From: Jan Harkes <jaharkes_at_cs.cmu.edu>
Date: Tue, 23 Sep 2003 10:01:31 -0400
On Tue, Sep 23, 2003 at 03:36:49AM -0400, solomon_weldeyesus wrote:
> any source on how to get Coda work over TCP .

There isn't any. TCP is not that useful because there is no real upper
bound on the keepalive, a Coda client (and the user) could simply be
left hanging for a long time before it realizes that it got disconnected
20 minutes ago.

So a Coda client will have to actively send it's own probes across the
TCP connection to see whether we are still connected. However this then
adds to the amount of data that is sent and when the connection is
backed up or in slow start it could be delayed enough that we end up
killing off a perfectly good connection. Some of that might be mitigated
by sending keepalives as special OOB messages.

The other thing is that we have many 'logical' RPC2/SFTP connections
between a client and a server. The lower bound is about 20 per client,
but this increases rapidly as clients can have multiple users and
connections may linger a bit. Right now our testserver has about 21
clients that 'pinged' it in the past 5 minutes, about 34 clients that
it knows about and close to 2900 logical RPC2 connections [*].

Now each of these logical connections should be queued independently
from all others. If we shove them all in a single TCP session, a quick 
getattr call could be delayed by a file fetch or store.

But if we use a separate TCP connection for each logical RPC2 connection
we use up way too many filedescriptors for most systems, and because
most connections only do an occasional 'request/reply' TCP will never
really get out of slow start or ramp up its window, and will be very
unresponsive when a packet is dropped because of the delayed acks.

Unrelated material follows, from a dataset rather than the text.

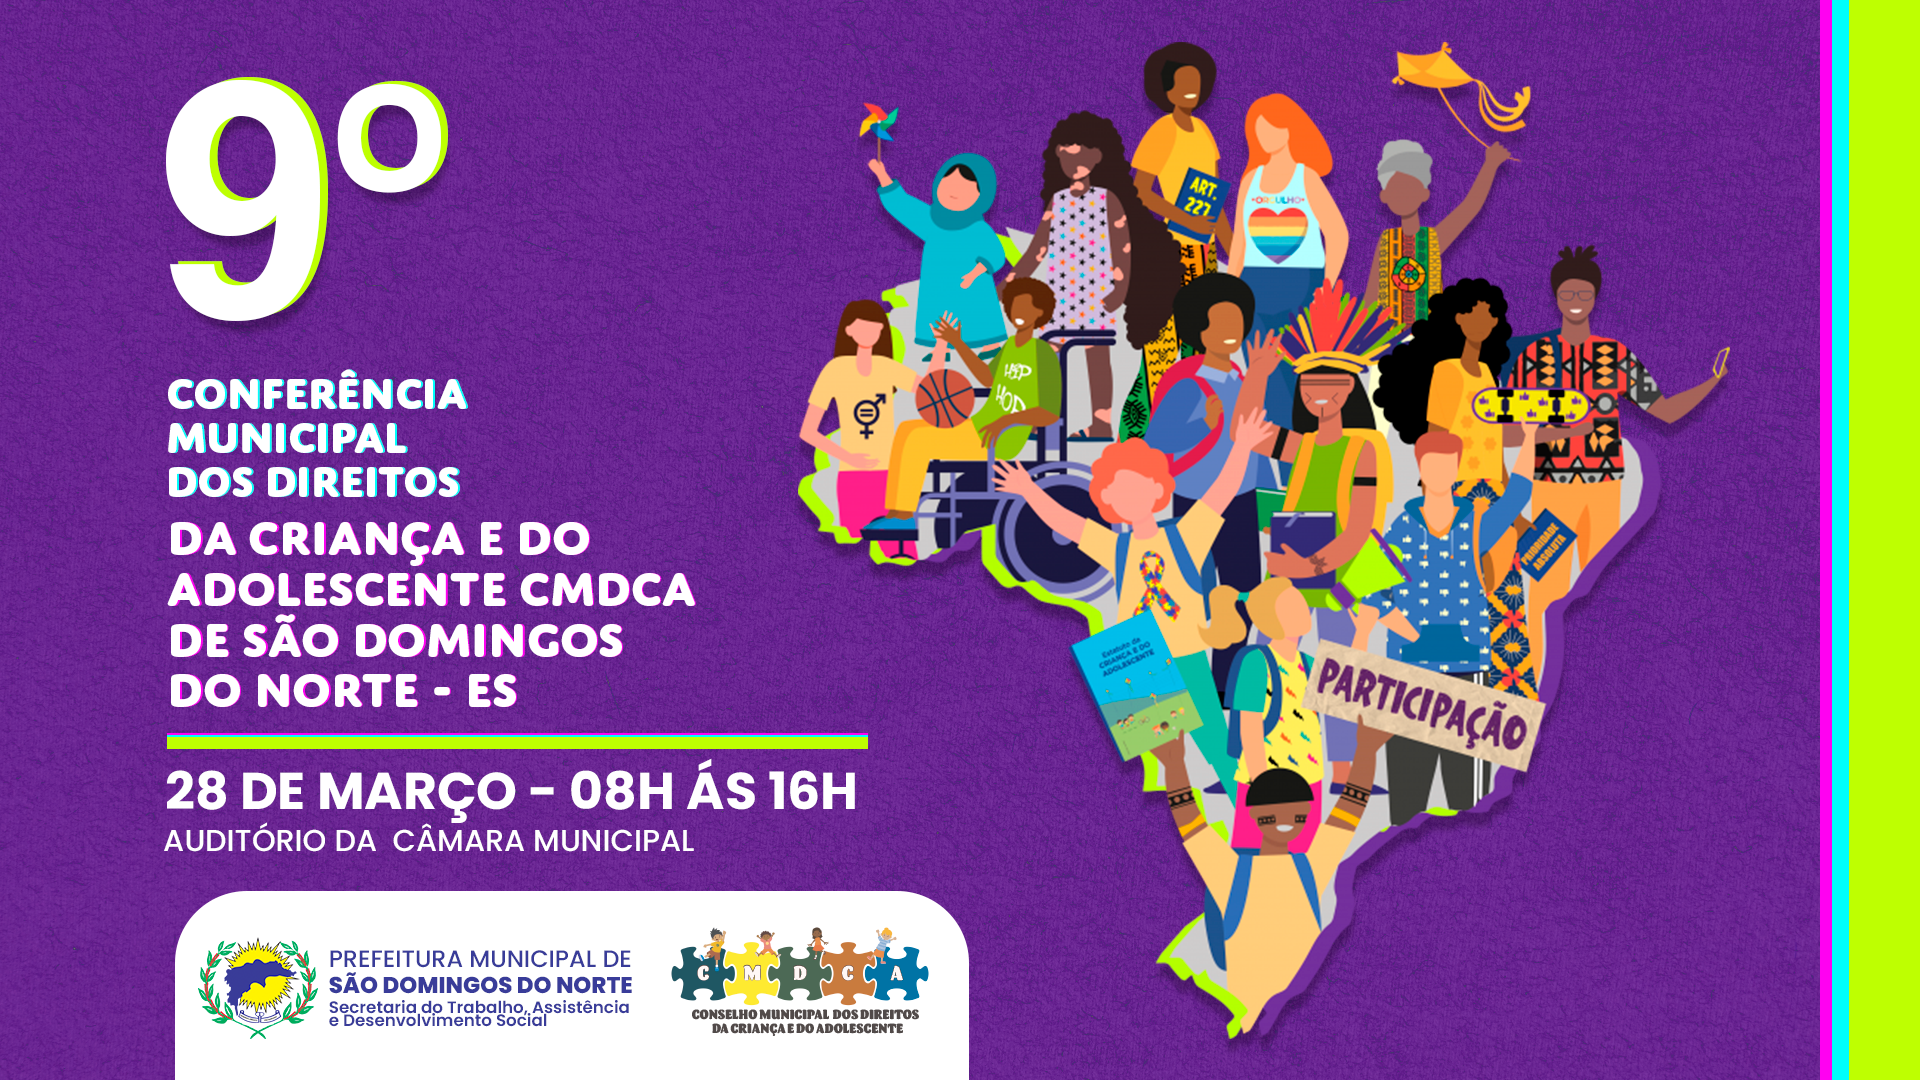 Imagem da notícia: O Conselho Municipal dos Direitos da Criança e do Adolescente juntamente com a Secretaria Municipal do Trabalho, Assistencia e Desenvolvimento Social de São Domingos do Norte - ES

Just leave an ssh session doing nothing for a couple of hours, hit a
single key and see how long it can take to get the character echo'd
back

TCP just isn't a good alternative for the RPC2 over UDP communication.
An interesting protocol that probably would work well for our situation
is SCTP.

Jan


[*] The number of RPC2 connections is unusually high for only 34 clients
because several of these clients are behind masquerading firewalls that
forget they are there and are changing their local port number about
once every 5 minutes. Because the Coda server currently keeps track of
clients by ip-address, and the ip-address never changes, each of these
masqueraded clients is probably responsible for several hundred RPC2
connections. The way to fix this is at the client by setting the
serverprobe timeout to less than the timeout of the firewall
redirections.

I can't forcibly disconnect connections when a new port number is used
because there could be more than a single client behind the firewall. In
that case it is normal and we're just incorrectly counting the number
of clients and we would have close to 150 clients connected to our
testserver (yeah right ;).

Jan
Received on 2003-09-23 10:05:57